Journal: Gene expression patterns : GEP
PMID:

Abstract

A number of initial Hematopoietic Stem Cells (HSC) are considered in a container that are able to divide into HSCs or differentiate into various types of descendant cells. In this paper, a method is designed to predict an approximate gene expression profile (GEP) for future descendant cells resulted from HSC division/differentiation. First, the GEP prediction problem is modeled into a multivariate time series prediction problem. A novel method called EHSCP (Extended Hematopoietic Stem Cell Prediction) is introduced which is an artificial neural machine to solve the problem. EHSCP accepts the initial sequence of measured GEPs as input and predicts GEPs of future descendant cells. This prediction can be performed for multiple stages of cell division/differentiation. EHSCP considers the GEP sequence as time series and computes correlation between input time series. Two novel artificial neural units called PLSTM (Parametric Long Short Term Memory) and MILSTM (Multi-Input LSTM) are designed. PLSTM makes EHSCP able to consider this correlation in output prediction. Since there exist thousands of time series in GEP prediction, a hierarchical encoder is proposed that computes this correlation using 101 MILSTMs.
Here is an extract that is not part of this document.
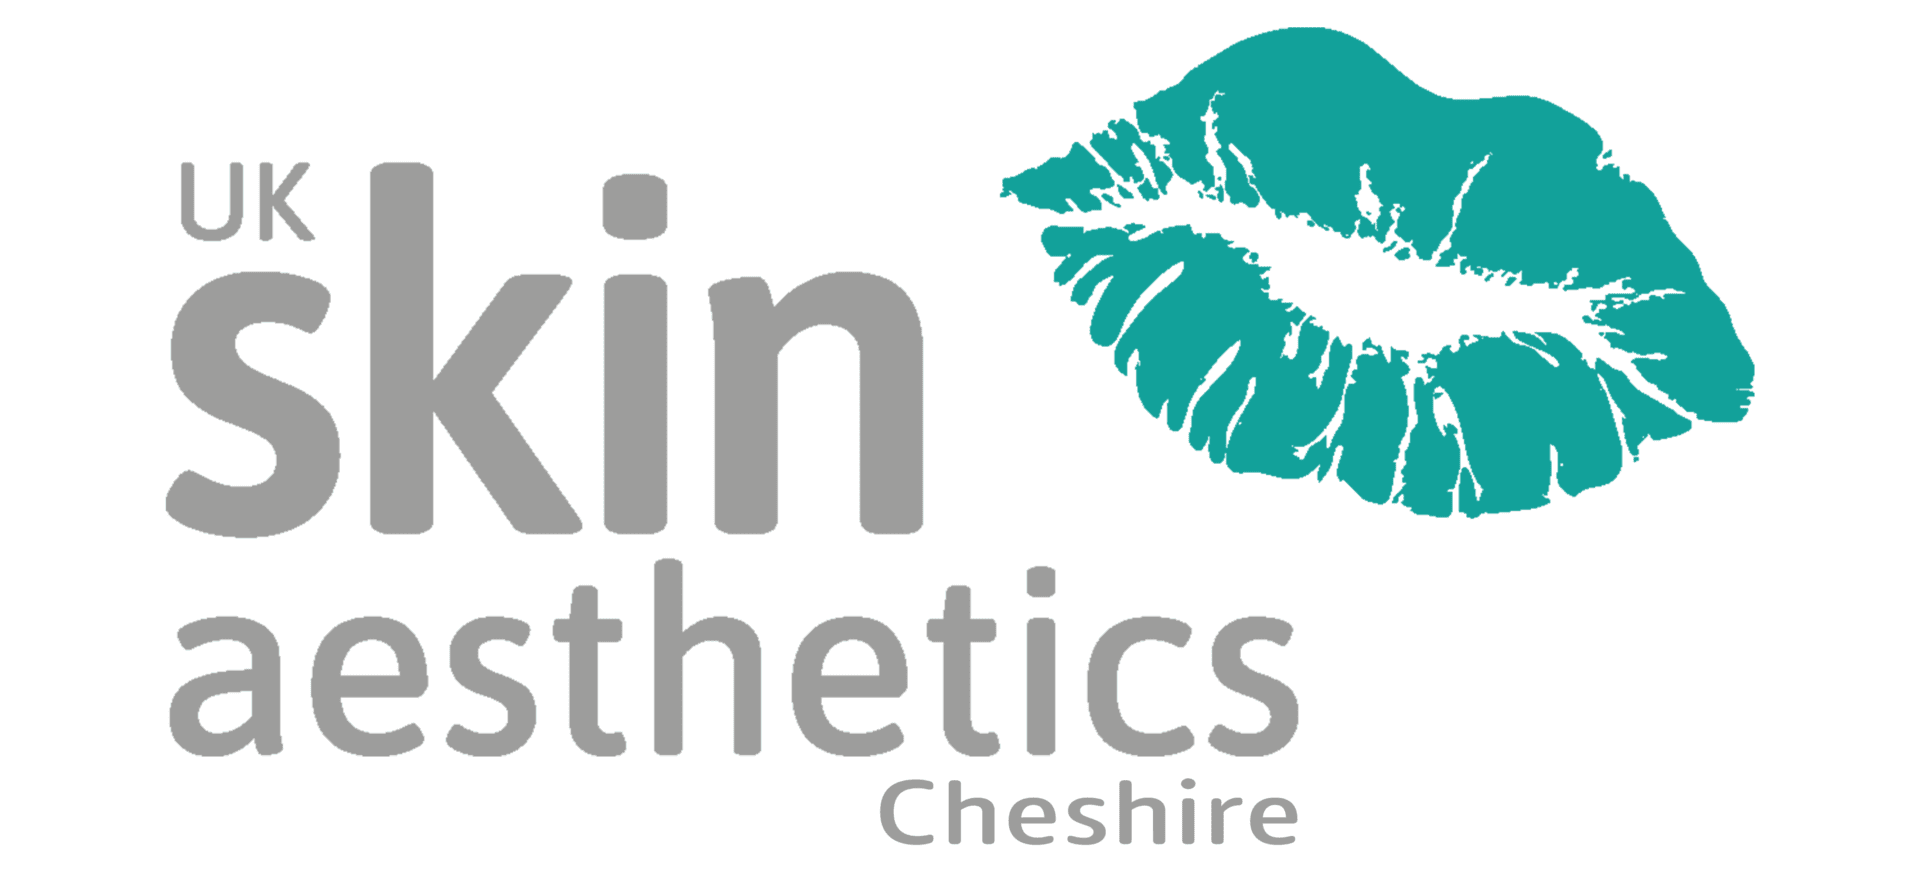 UK Skin Aesthetics Cheshire

EHSCP is trained using 155 datasets and is evaluated on 39 test datasets. These evaluations show that EHSCP surpasses existing methods in terms of prediction accuracy and number of correctly-predicted division/differentiation stages. In these evaluations, number of correctly-predicted stages in EHSCP was 128 when as many as 8 initial stages were given.

Authors

  • Parinaz Eskandarian
    Department of Computer Engineering, Urmia Branch, Islamic Azad University, Urmia, Iran. Electronic address: p_eskandarian@yahoo.com.
  • Jamshid Bagherzadeh Mohasefi
    Department of Computer Engineering, Urmia Branch, Islamic Azad University, Urmia, Iran; Department of Electrical and Computer Engineering, Urmia University, Urmia, Iran. Electronic address: j.bagherzadeh@urmia.ac.ir.
  • Habibollah Pirnejad
    Department of Health Information Technology, Urmia University of Medical Sciences, Urmia, Iran; Patient Safety Research Center, Urmia University of Medical Sciences, Urmia, Iran; Erasmus School of Health Policy & Management (ESHPM), Erasmus University Rotterdam, Rotterdam, the Netherlands.
  • Zahra Niazkhani
    Nephrology and Kidney Transplant Research Center, Urmia University of Medical Sciences, Urmia, Iran; Department of Health Information Technology, Urmia University of Medical Sciences, Urmia, Iran. Electronic address: niazkhani.z@umsu.ac.ir.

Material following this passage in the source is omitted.